### What needs to be done
Write out the listing below exactly, and omit any images you find in it.

### Available data
+ + + + + + +

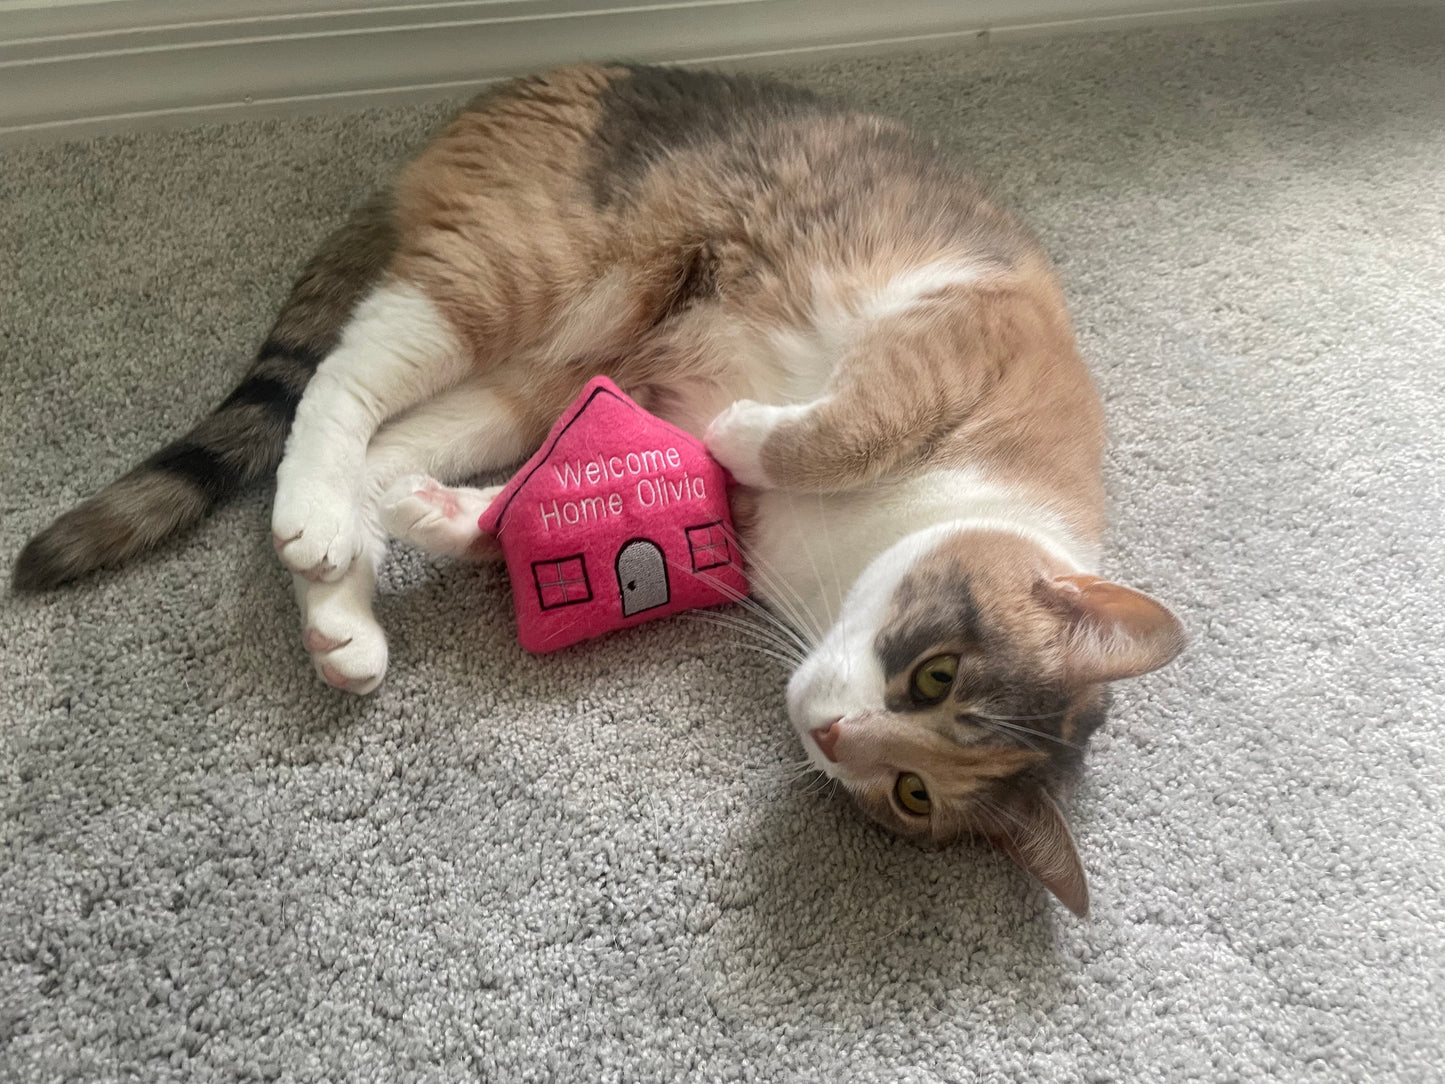 Welcome Home Custom Cat Toy - Personalized Housewarming Gotcha Day Catnip Toy
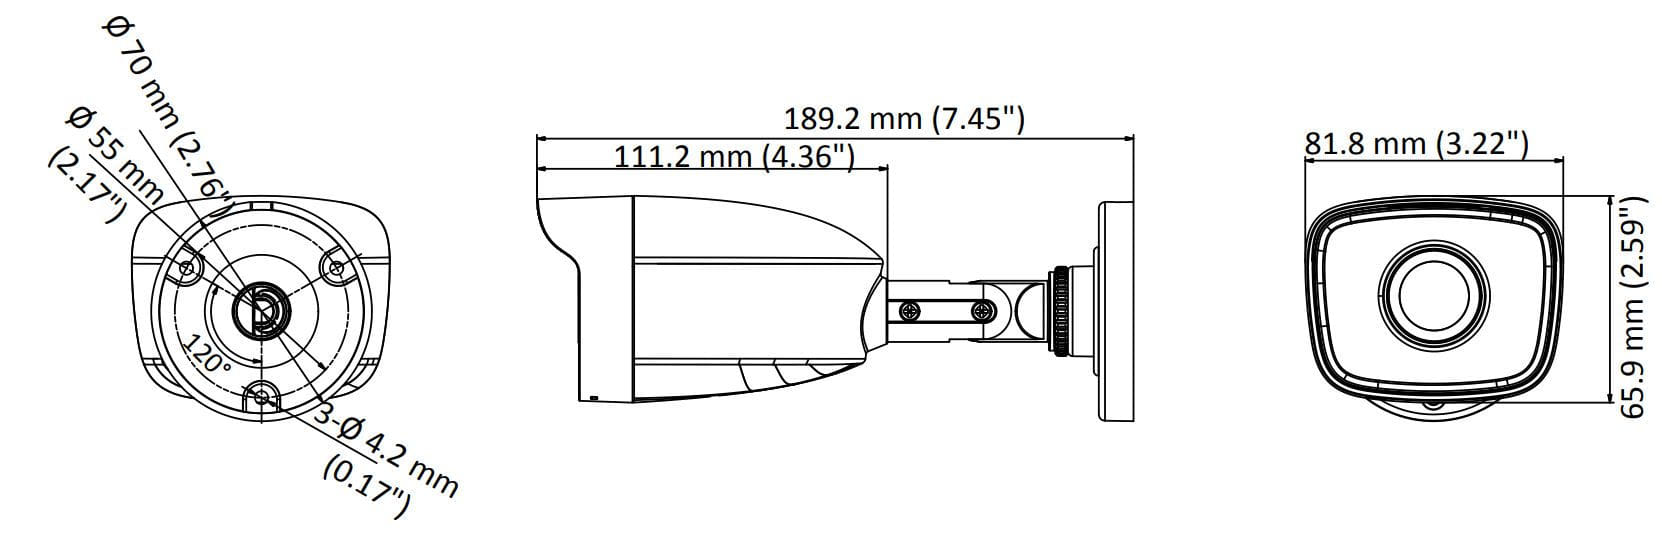 tube-4mp-hdtvi-fixe-schema
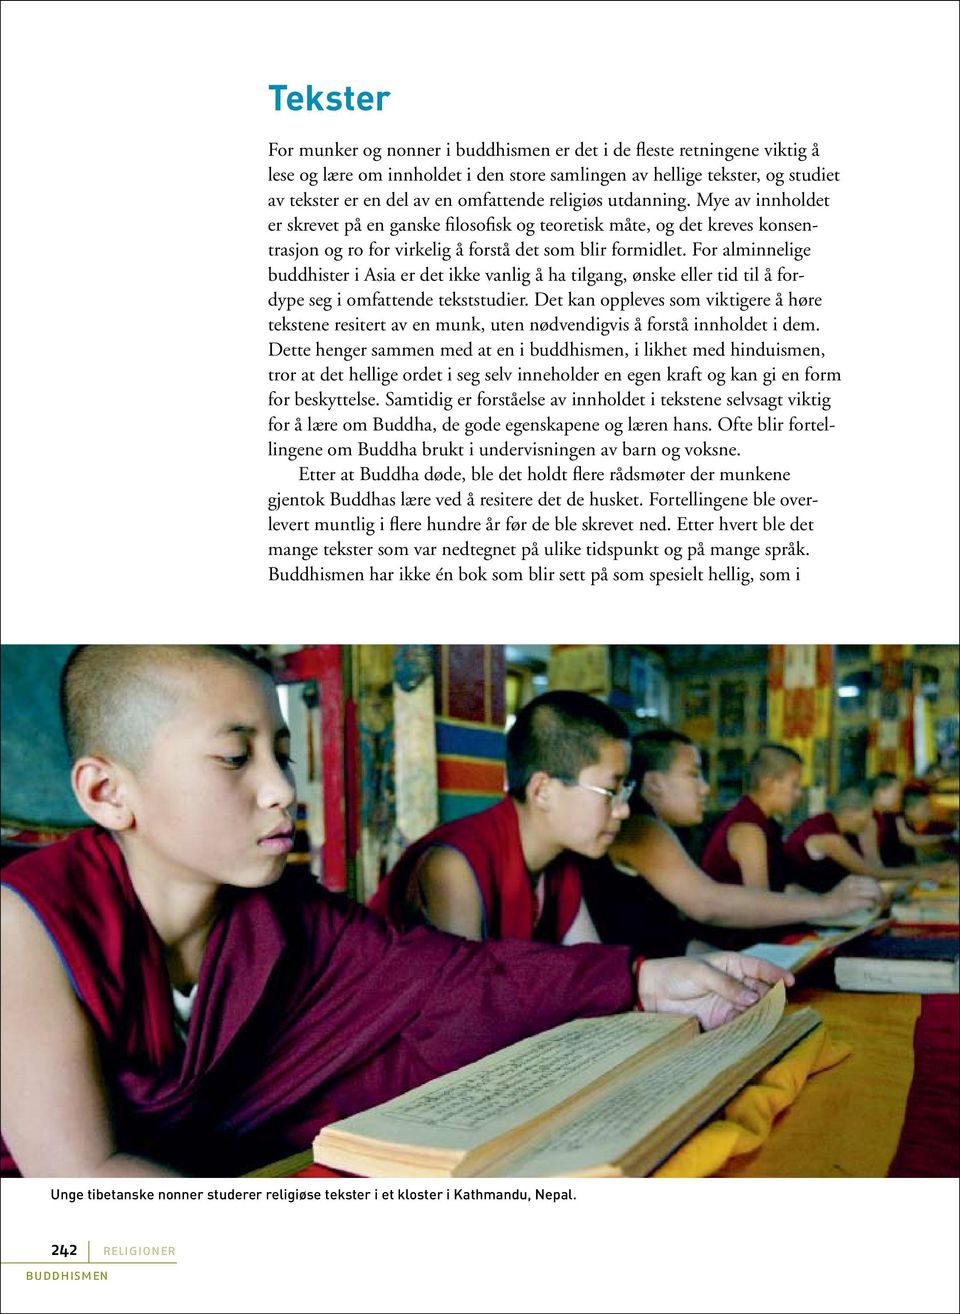 For alminnelige buddhister i Asia er det ikke vanlig å ha tilgang, ønske eller tid til å fordype seg i omfattende tekststudier.

+ + + + + + +

### Output of the task
 Welcome Home Custom Cat Toy - Personalized Housewarming Gotcha Day Catnip Toy
 tube-4mp-hdtvi-fixe-schema
 For alminnelige buddhister i Asia er det ikke vanlig å ha tilgang, ønske eller tid til å fordype seg i omfattende tekststudier.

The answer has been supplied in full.